Companies (Accounting Standards) Amendment Rules, 2009 - Amendments in Annexure
NOTIFICATION NO. G.S.R.225 (E)
DATED 31-3-2009
In exercise of the powers conferred by clause (a) of sub-section (1) of section 642 read with subsection (1) of section 21A and sub-section (3C) of section 211 of the Companies Act, 1956 (1 of 1956), the Central Government in consultation with the National Advisory Committee on Accounting Standards, hereby makes the following rules to amended the Companies (Accounting Standards) Rules, 2006, namely:-
1. (1) These rules may be called the Companies (Accounting Standards) Amendment Rules, 2009.
(2) They shall come into force on the date of their publication in the Official Gazette.

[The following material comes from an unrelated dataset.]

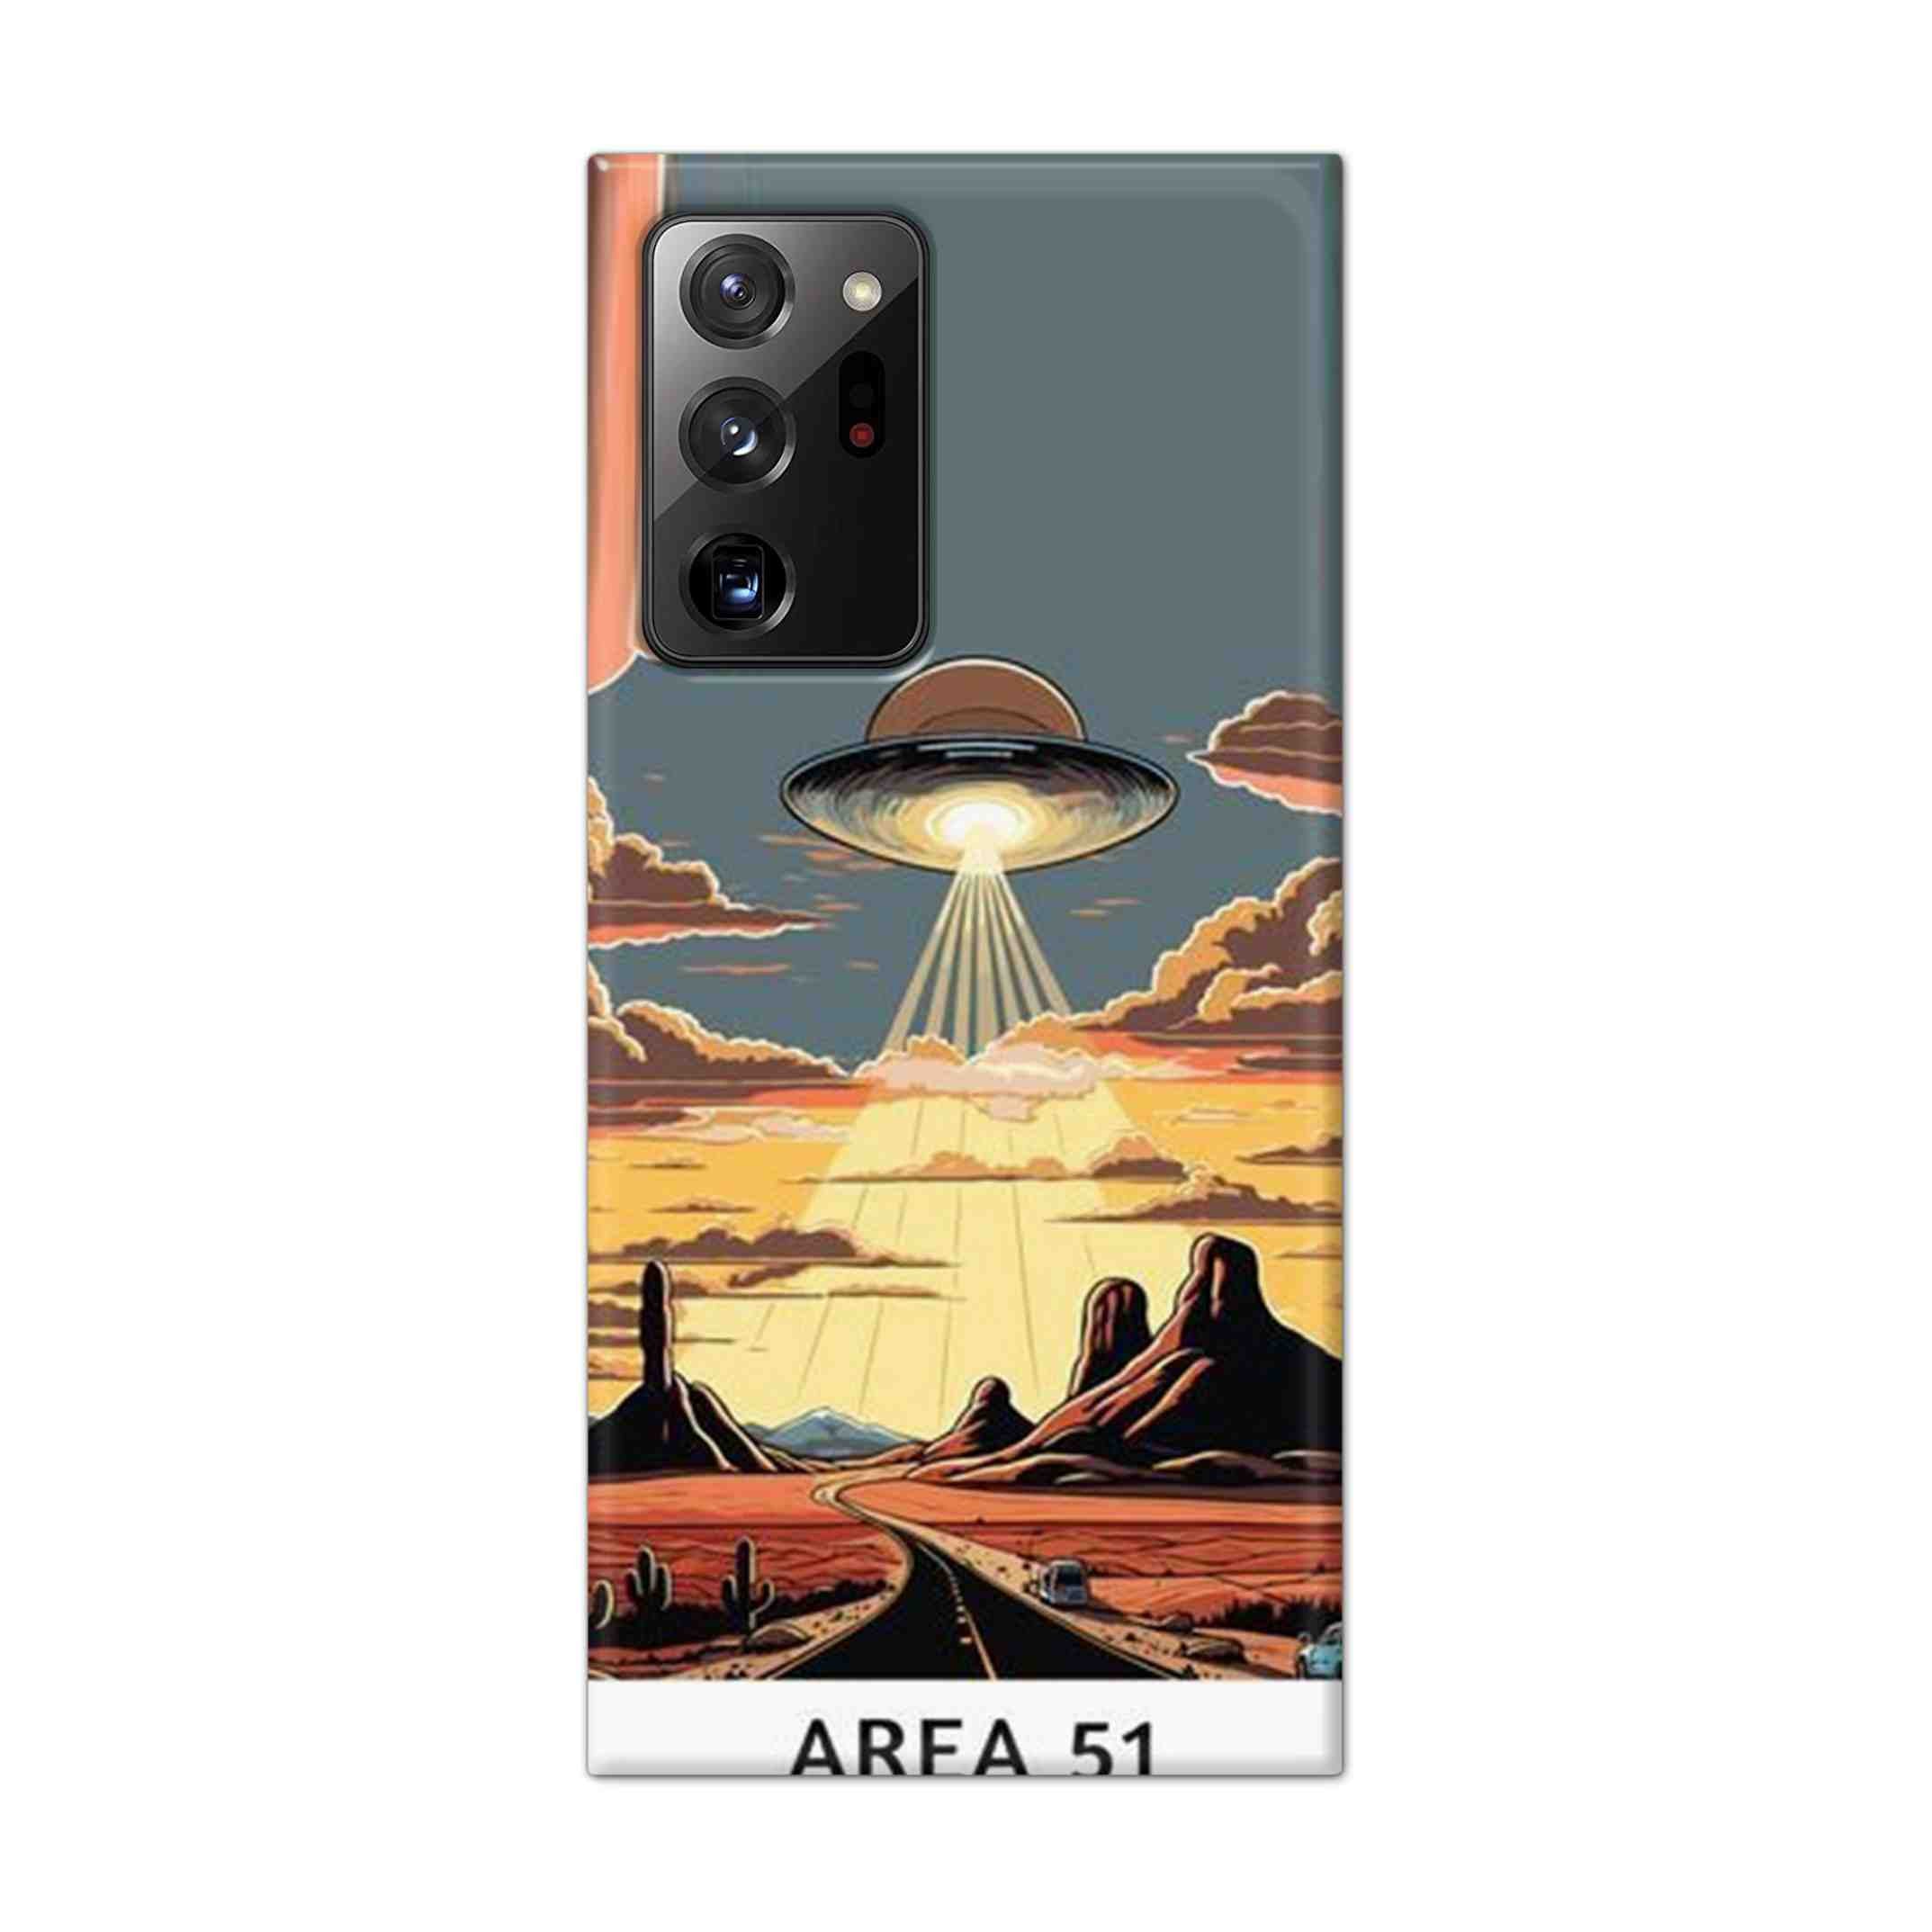 Buy Area 51 Hard Back Mobile Phone Case Cover For Samsung Galaxy Note 20 Ultra Online

2. In the Companies (Accounting Standard) Rules, 2006, in the Annexure, under the heading "B. ACCOUNTING STANDARDS, in the sub-heading "Accounting Standard (AS) 11 relating to "The Effects of Changes in Foreign Exchange Rates, after paragraph 45, the following shall be inserted, namely:-
"46. In respect of accounting periods commencing on or after 7th December, 2006 and ending on or before 31st March, 2011, at the option of the enterprise (such option to be irrevocable and to be exercised retrospectively for such accounting period, from the date this transitional provision comes into force or the first date on which the concerned foreign currency monetary item is acquired, whichever is later and applied to all such foreign currency monetary items), exchange differences arising on reporting of long-term foreign currency monetary items at rates different from those at which they were initially recorded during the period, or reported in previous financial statements, insofar as they relate to the acquisition of a depreciable capital asset, can be added to or deducted from the cost of the asset and shall be depreciated over the balance life of the asset, and in other cases, can be accumulated in a "Foreign Currency Monetary Item Translation Difference Account in the enterprises financial statements and amortized over the balance period of such long-term asset/liability but not beyond 31st March, 2011, by recognition as income or expense in each of such periods, with the exception of exchange differences dealt with in accordance with paragraph 15. For the purposes of exercise of this option, an asset or liability shall be designated as a long-term foreign currency monetary item, if the asset or liability is expressed in a foreign currency and has a term of 12 months or more at the date of origination of the asset or liability. Any difference pertaining to accounting periods which commenced on or after 7th December, 2006, previously recognized in the profit and loss account before the exercise of the option shall be reversed insofar as it relates to the acquisition of a depreciable capital asset by addition or deduction from the cost of the asset and in other cases by transfer to "Foreign Currency Monetary Item Translation Difference Account in both cases, by debit or credit, as the case may be, to the general reserve. If the option stated in this paragraph is exercised, disclosure shall be made of the fact of such exercise of such option and of the amount remaining to be amortized in the financial statements of the period in which such option is exercised and in every subsequent period so long as any exchange difference remains unamortized.